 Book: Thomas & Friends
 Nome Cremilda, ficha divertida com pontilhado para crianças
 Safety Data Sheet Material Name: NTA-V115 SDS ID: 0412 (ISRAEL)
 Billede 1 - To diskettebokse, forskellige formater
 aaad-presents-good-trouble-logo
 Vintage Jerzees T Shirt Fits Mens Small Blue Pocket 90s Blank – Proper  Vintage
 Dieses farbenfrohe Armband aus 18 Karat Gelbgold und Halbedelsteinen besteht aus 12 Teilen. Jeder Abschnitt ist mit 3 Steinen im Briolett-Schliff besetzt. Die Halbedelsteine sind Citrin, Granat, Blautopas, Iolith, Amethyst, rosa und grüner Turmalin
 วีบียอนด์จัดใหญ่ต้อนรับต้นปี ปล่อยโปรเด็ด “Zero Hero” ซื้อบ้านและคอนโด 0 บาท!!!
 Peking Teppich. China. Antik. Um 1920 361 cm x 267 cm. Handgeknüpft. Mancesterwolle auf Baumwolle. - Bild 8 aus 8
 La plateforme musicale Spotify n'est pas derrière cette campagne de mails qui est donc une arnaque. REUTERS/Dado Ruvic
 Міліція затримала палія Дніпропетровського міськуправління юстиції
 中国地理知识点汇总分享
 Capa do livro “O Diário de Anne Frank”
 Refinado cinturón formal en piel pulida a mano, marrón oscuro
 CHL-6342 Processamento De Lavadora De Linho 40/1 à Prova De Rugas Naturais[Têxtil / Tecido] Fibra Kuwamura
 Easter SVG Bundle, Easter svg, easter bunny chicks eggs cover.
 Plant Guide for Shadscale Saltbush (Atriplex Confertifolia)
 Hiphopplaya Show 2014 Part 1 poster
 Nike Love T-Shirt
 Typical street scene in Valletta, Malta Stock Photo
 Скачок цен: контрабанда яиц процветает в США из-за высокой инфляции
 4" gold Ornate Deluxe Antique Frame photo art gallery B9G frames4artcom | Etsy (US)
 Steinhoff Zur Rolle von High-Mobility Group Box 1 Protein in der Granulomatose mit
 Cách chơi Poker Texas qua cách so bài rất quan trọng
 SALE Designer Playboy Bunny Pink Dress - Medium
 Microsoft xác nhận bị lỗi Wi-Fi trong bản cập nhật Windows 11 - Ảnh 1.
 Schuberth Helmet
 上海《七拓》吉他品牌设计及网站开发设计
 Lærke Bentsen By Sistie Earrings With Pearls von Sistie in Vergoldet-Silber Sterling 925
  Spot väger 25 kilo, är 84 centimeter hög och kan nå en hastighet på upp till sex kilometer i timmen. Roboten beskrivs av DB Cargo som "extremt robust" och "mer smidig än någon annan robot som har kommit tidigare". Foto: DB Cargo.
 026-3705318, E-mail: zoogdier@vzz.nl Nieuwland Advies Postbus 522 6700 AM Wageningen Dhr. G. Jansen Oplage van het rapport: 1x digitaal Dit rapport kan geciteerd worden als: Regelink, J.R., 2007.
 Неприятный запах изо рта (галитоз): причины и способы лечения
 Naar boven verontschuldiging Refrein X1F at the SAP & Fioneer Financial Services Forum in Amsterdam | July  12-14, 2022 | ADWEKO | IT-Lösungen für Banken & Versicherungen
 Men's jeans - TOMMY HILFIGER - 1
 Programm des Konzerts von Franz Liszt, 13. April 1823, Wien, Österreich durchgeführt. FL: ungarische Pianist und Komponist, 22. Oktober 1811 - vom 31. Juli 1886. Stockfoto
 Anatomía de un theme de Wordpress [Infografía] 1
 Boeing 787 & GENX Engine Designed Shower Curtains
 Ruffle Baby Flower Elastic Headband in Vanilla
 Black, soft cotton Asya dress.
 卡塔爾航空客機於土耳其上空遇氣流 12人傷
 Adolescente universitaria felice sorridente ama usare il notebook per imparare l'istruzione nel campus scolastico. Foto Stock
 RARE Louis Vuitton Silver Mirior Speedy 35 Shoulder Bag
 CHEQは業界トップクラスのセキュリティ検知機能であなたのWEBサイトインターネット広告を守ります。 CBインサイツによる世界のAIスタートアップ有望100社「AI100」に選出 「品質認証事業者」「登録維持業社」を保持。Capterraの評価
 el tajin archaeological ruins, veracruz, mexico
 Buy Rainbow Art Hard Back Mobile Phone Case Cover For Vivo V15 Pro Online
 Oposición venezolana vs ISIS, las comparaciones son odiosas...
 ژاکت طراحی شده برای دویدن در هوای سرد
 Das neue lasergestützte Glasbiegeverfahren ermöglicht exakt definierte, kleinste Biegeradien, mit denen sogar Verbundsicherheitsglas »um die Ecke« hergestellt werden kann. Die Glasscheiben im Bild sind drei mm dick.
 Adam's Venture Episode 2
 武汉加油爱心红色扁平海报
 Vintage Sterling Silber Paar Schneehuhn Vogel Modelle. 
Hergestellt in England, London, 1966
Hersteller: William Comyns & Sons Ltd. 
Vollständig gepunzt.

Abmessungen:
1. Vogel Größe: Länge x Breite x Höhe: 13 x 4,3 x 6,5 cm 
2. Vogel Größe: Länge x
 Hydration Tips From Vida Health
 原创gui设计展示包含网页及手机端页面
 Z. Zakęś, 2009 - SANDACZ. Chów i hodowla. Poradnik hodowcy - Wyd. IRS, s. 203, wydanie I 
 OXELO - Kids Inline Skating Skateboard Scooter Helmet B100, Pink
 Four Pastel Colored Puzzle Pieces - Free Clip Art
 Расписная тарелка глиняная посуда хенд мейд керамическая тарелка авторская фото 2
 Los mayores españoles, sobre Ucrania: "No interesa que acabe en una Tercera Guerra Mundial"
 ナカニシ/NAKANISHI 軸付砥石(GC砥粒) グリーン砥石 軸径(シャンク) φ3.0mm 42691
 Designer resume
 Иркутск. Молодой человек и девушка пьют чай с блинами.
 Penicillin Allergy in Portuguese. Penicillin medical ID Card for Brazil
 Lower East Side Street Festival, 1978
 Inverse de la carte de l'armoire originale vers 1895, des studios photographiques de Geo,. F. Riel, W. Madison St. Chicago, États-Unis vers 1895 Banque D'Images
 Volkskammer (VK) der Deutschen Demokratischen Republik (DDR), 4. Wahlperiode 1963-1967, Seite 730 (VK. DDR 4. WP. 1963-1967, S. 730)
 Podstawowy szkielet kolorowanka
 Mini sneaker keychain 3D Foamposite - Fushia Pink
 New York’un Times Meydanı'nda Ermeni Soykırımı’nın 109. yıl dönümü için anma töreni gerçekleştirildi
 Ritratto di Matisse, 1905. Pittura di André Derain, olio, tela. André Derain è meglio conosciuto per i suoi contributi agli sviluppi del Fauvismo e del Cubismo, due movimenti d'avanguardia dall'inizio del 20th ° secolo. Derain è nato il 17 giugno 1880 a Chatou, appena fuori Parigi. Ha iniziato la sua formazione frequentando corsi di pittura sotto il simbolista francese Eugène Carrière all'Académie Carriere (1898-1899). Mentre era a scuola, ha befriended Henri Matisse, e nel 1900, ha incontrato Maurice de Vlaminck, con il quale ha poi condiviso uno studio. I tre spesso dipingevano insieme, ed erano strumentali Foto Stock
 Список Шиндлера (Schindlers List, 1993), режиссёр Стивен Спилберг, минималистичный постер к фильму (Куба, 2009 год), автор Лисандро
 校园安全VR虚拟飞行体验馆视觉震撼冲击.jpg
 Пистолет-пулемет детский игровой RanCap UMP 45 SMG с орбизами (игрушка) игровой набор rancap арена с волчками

• • • • •

## Work item
Which of the lines above carry the string "Bild"? Pick them out and copy them.

## Answer section
 Peking Teppich. China. Antik. Um 1920 361 cm x 267 cm. Handgeknüpft. Mancesterwolle auf Baumwolle. - Bild 8 aus 8
 Das neue lasergestützte Glasbiegeverfahren ermöglicht exakt definierte, kleinste Biegeradien, mit denen sogar Verbundsicherheitsglas »um die Ecke« hergestellt werden kann. Die Glasscheiben im Bild sind drei mm dick.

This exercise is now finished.